‘English Conditions’ is one of those oft-repeated phrases in the cricket world that is rooted in pure historicism – yet in the seemingly never0ending run up to the World Cup, it has been parroted lazily by every single non-English fan and commentator going. It’s been repeated so much, often by professionals who should know better, the words have lost the meaning they once held. Recently, Inzamaam ul Haq, one of Pakistan’s greatest ever batsmen and now chief selector, remarked in a PCB presser that the conditions the Pakistan side faced in England were unlike anything seen before. Sure – if you stopped engaging with English cricket in about 2010.
In the days before women could be MCC members, English conditions referred to the overcast cold, where the Dukes ball moves around corners and wobbles in the air, dying on the way to the batsman or failing to carry through to the keeper. Think tops greener than Pakistan’s kit, more seam than a quilt, and more military than a check post. That’s the cliché, anyway. Very few people discuss that while there are nuggets of truth in this, the weather and timing of the season has been a huge factor – as the season wears on, English pitches have lost moisture, and bowling has become more difficult.

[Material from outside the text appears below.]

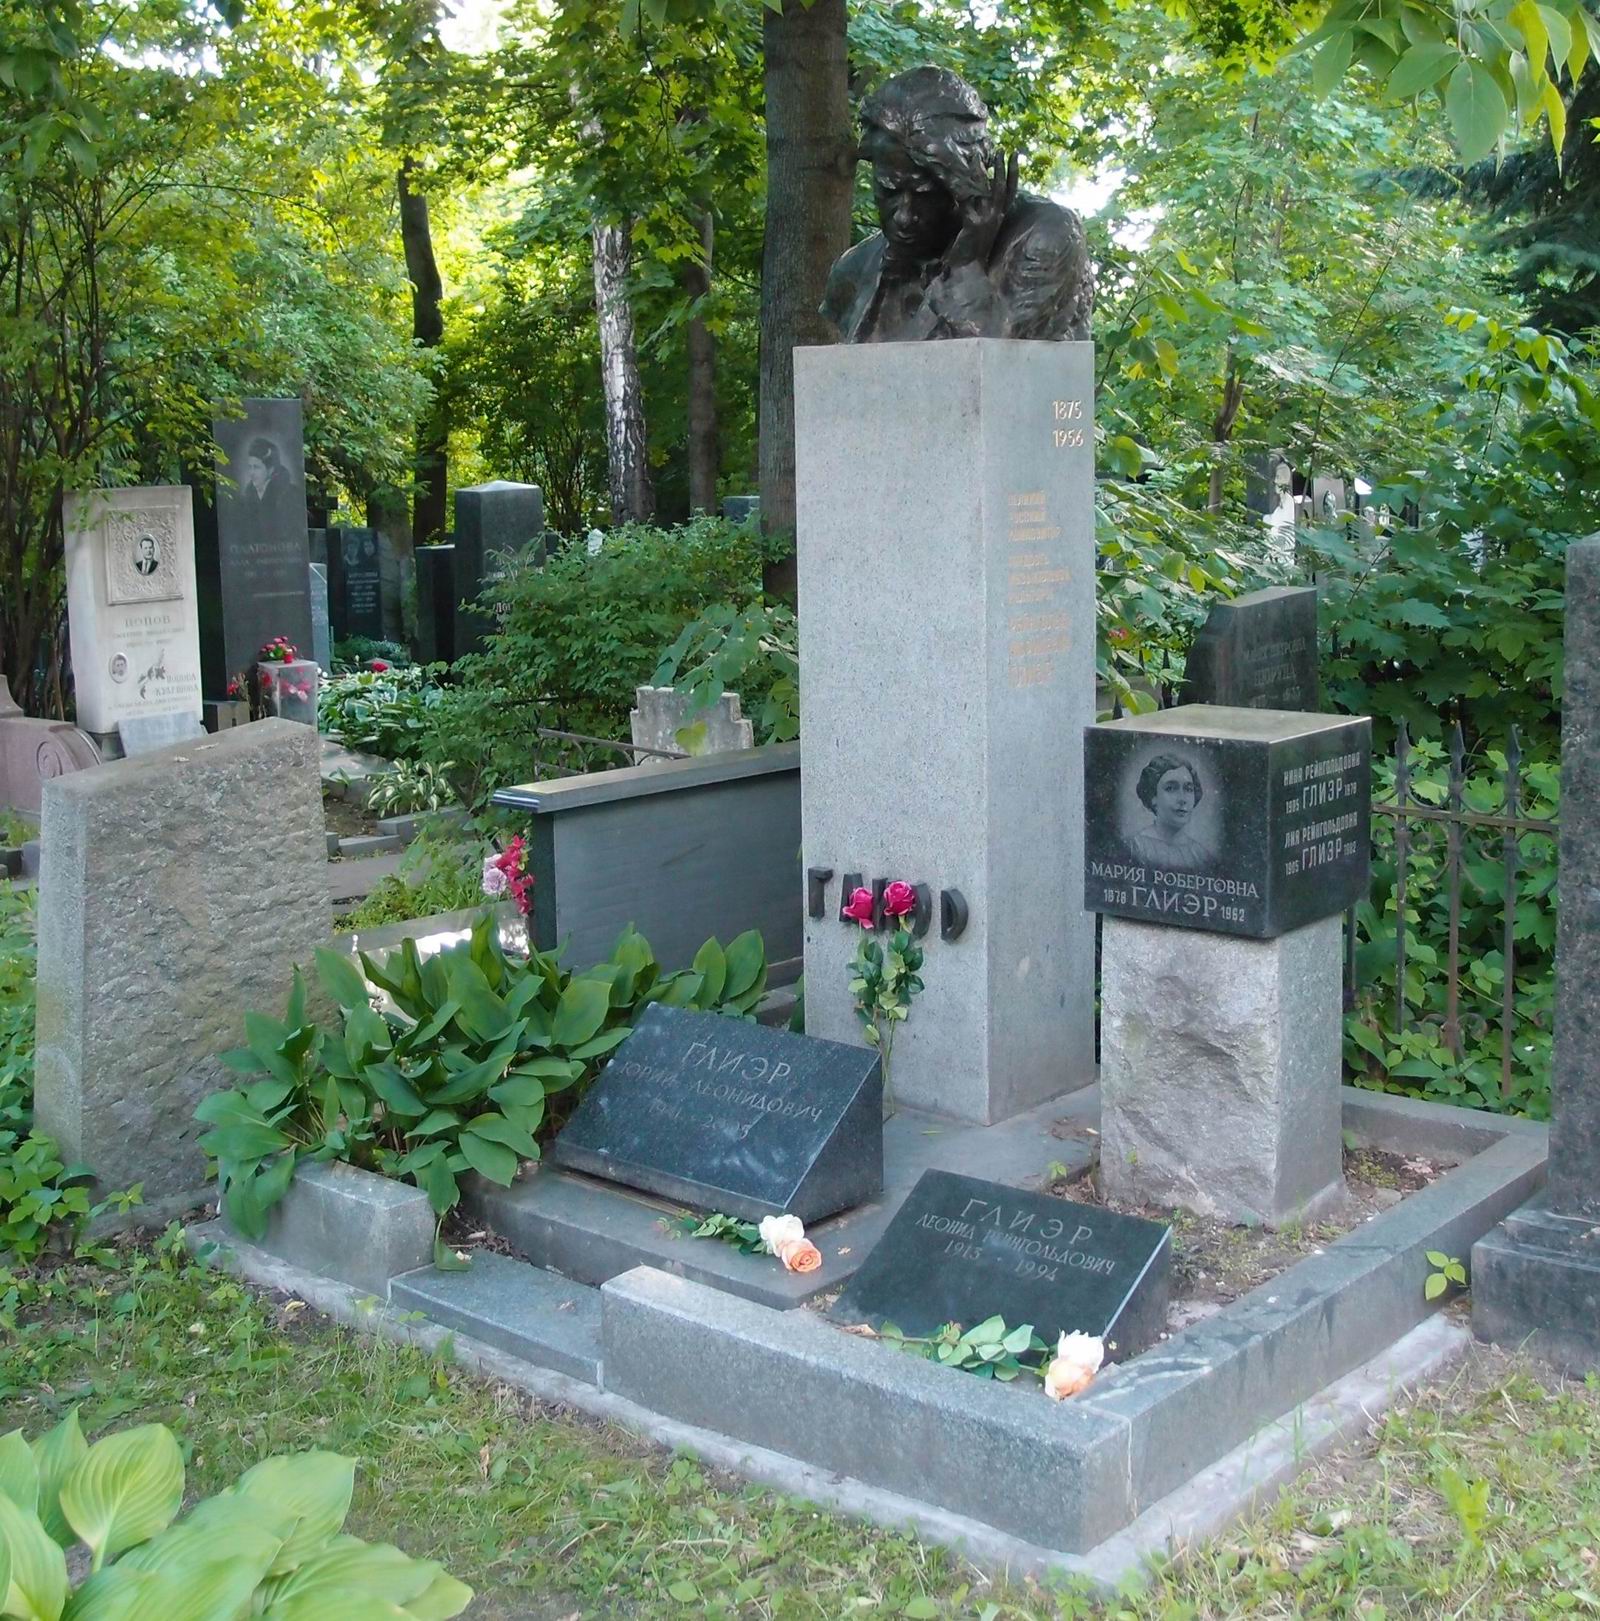 Памятник на могиле Глиэра Р.М. (1875–1956), ск. М.Аникушин, арх. В.Петров, на Новодевичьем кладбище (3–63–39а). Нажмите левую кнопку мыши чтобы увидеть фрагмент памятника.

These stereotypical ‘English conditions’ stand in stark contrast to the ‘uber flat roads’ that have been complained about pre-World Cup. Every time the superlative English batting line up breaks a new record, someone complains about English pitches being a motorway of ‘the flattest pitches in cricket.’ Whilst simultaneously parroting the phrase ‘English conditions.’ Whilst side-stepping the issue of the skill of England’s batting line up (how many number 10s have 10 first class centuries with an average of over 30?), this chat also sidesteps the fact that there is more than a little diversity across England and Wales – both in terms of assortment of weather across the landmass, and variety in pitches. As global warming has led to hotter English summers, with temperatures soaring earlier than expected, moisture has died out, pitches have become baked, cracks have appeared and spinners have come into play – these are now ‘English conditions,’ differing up and down the country, highly dependent upon our already volatile weather.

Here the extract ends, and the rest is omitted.